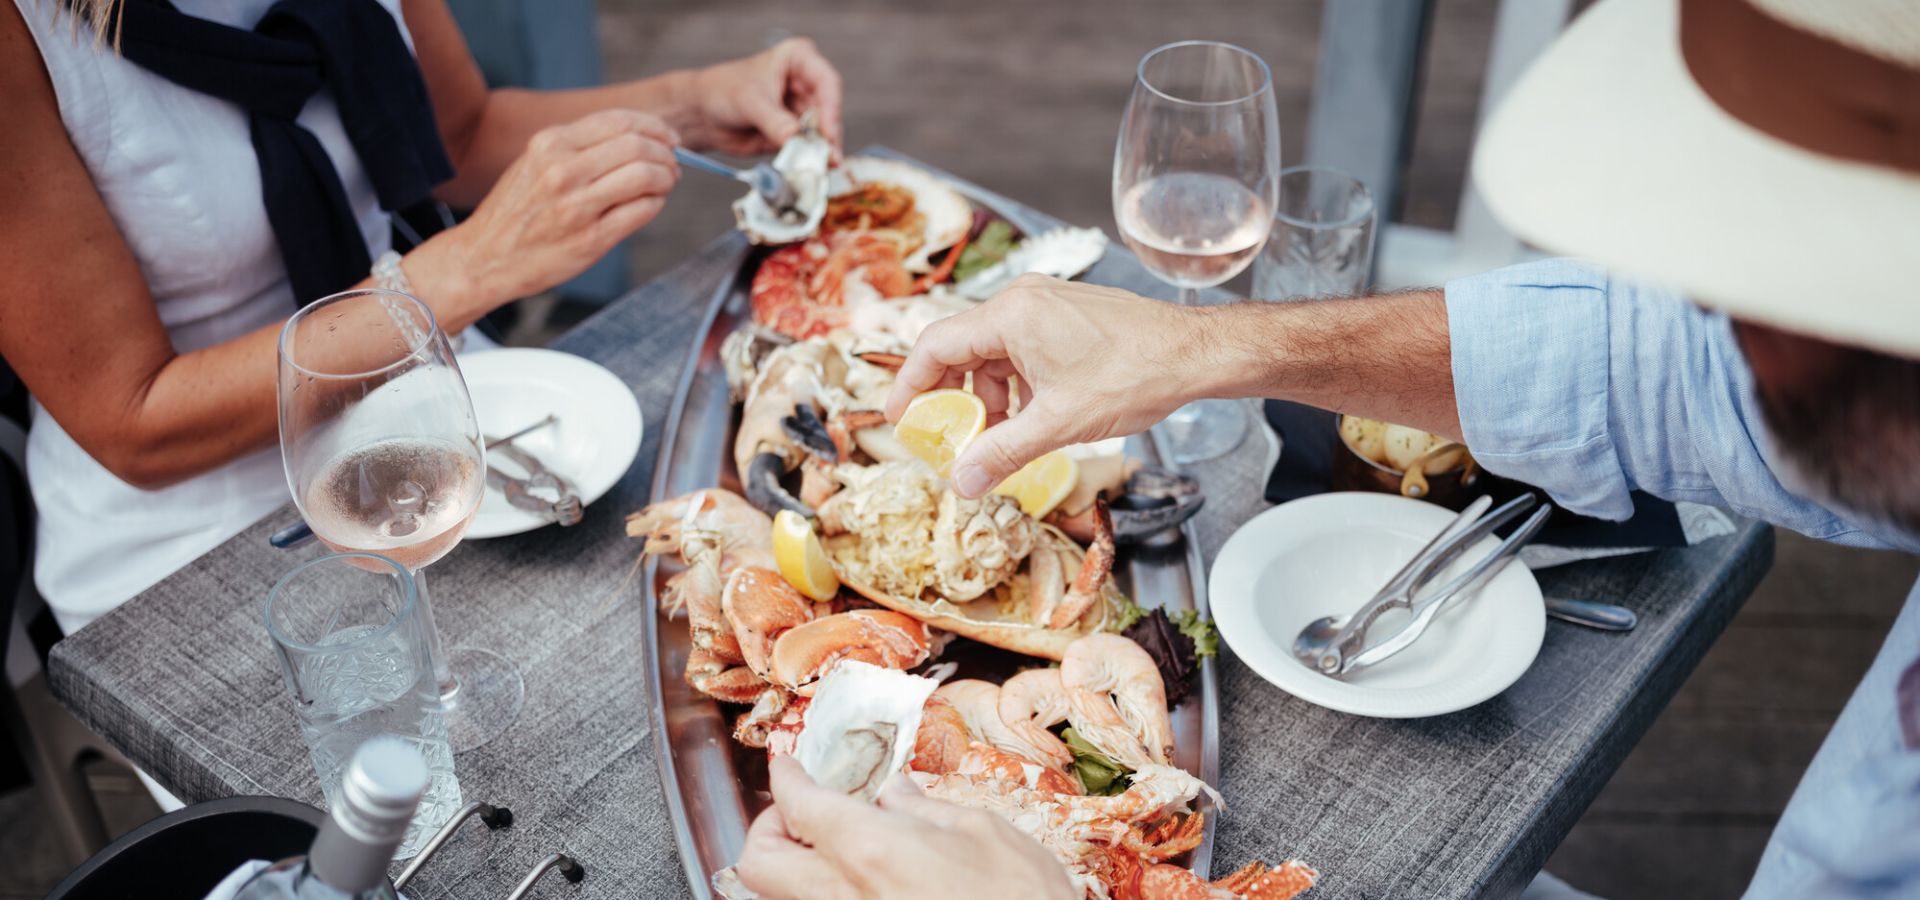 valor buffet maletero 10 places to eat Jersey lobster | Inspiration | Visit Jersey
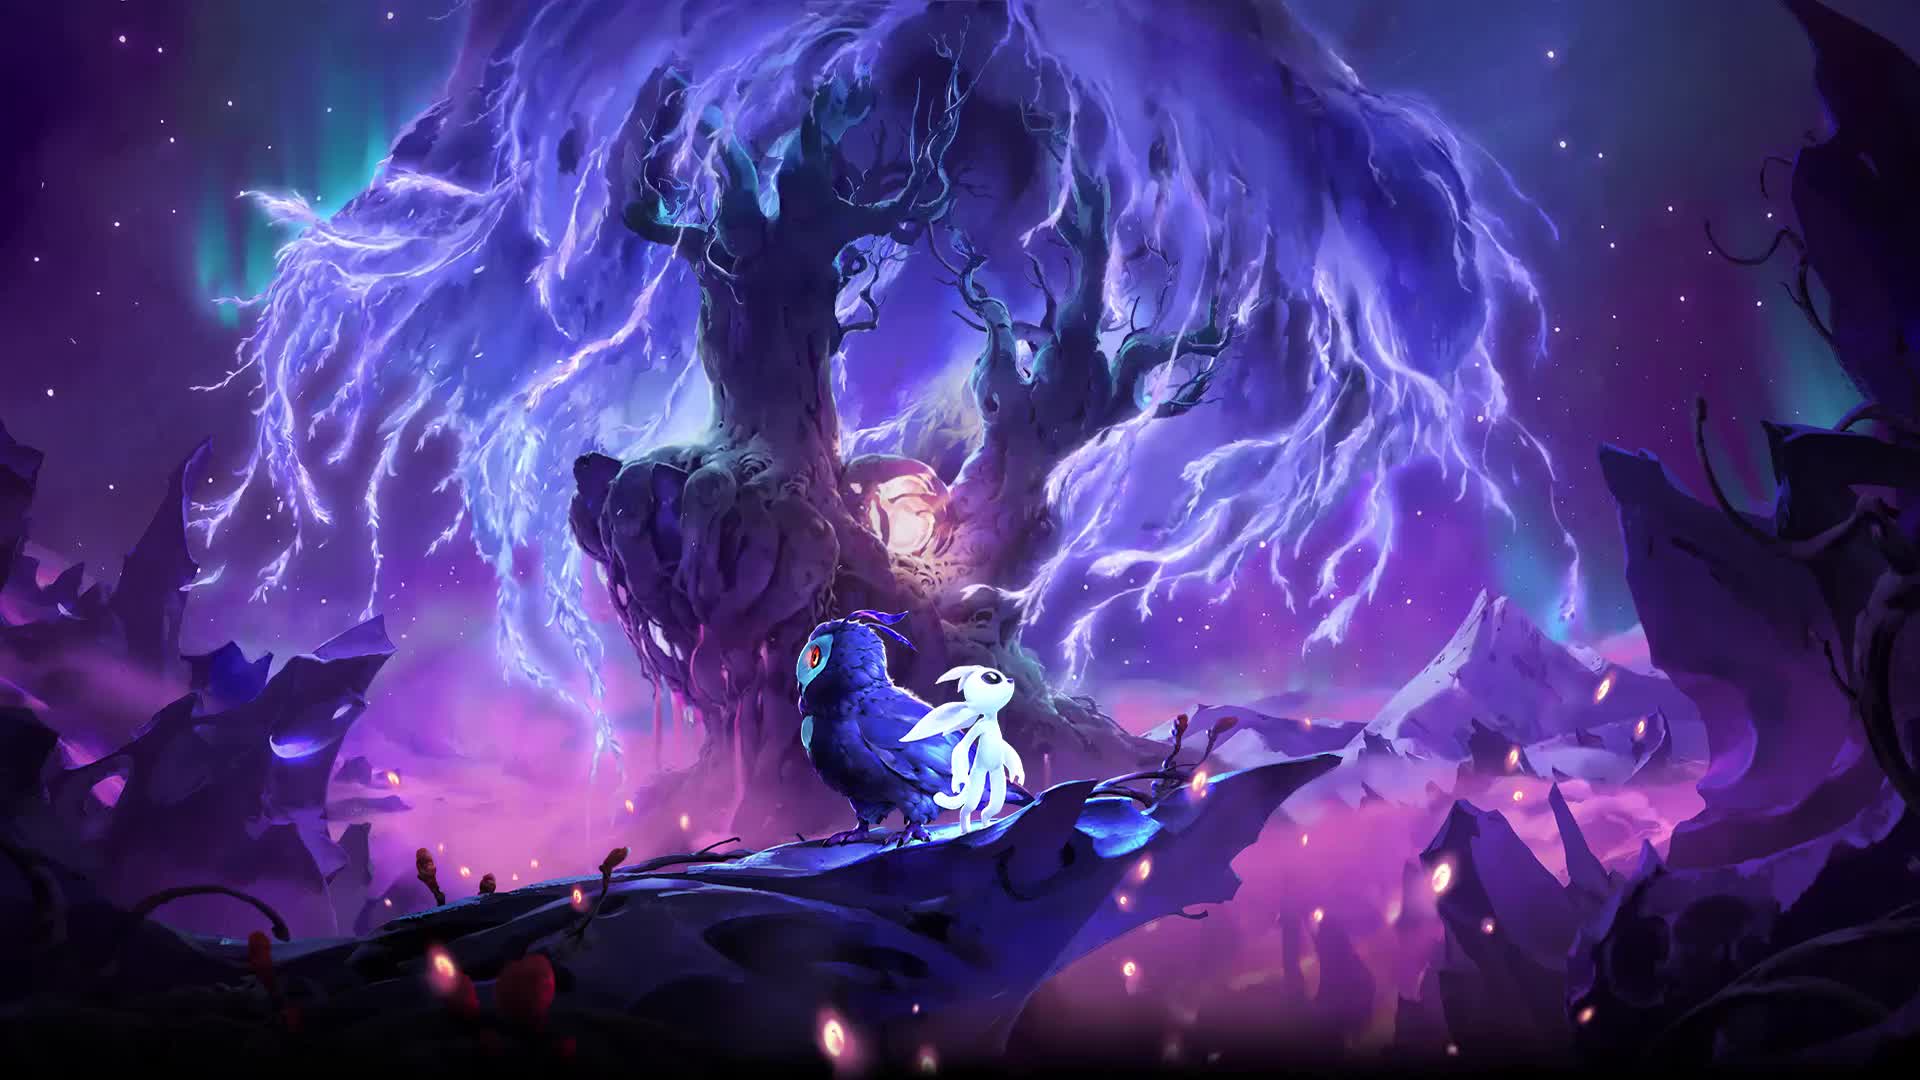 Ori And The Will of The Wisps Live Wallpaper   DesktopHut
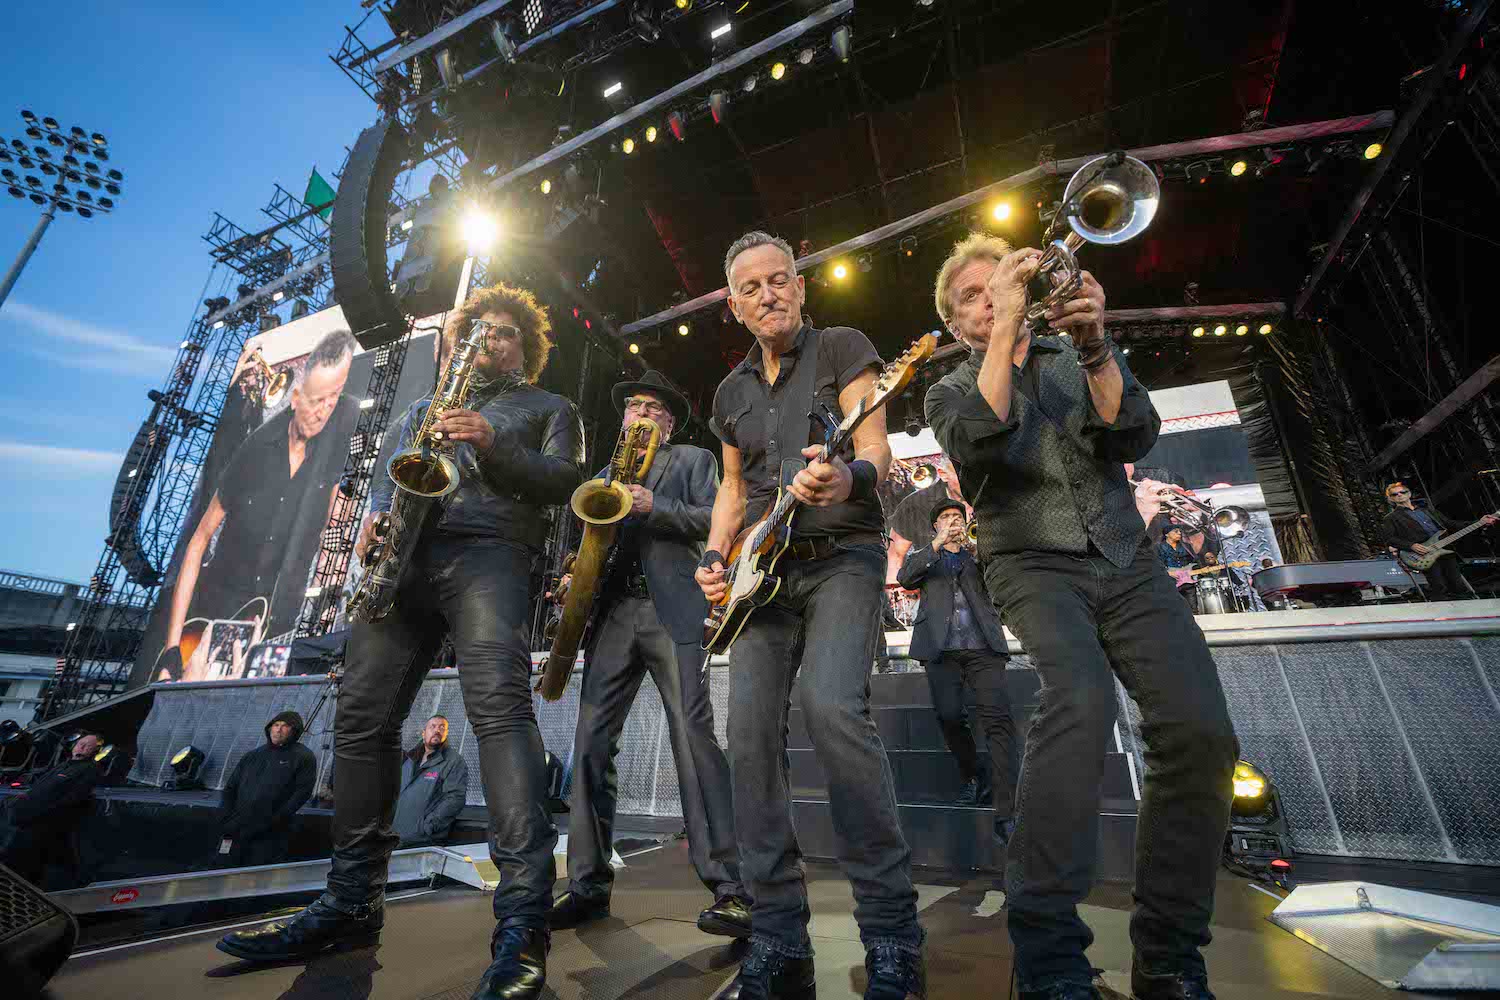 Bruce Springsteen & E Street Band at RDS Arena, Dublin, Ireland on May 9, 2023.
○ ○ ○ ○ ○ ○ ○
WHAT YOU WILL DO |
Your job is to repeat the data exactly, leaving each picture out.

SOLUTION FOR THIS EXERCISE |
 valor buffet maletero 10 places to eat Jersey lobster | Inspiration | Visit Jersey
 Ori And The Will of The Wisps Live Wallpaper   DesktopHut
 Bruce Springsteen & E Street Band at RDS Arena, Dublin, Ireland on May 9, 2023.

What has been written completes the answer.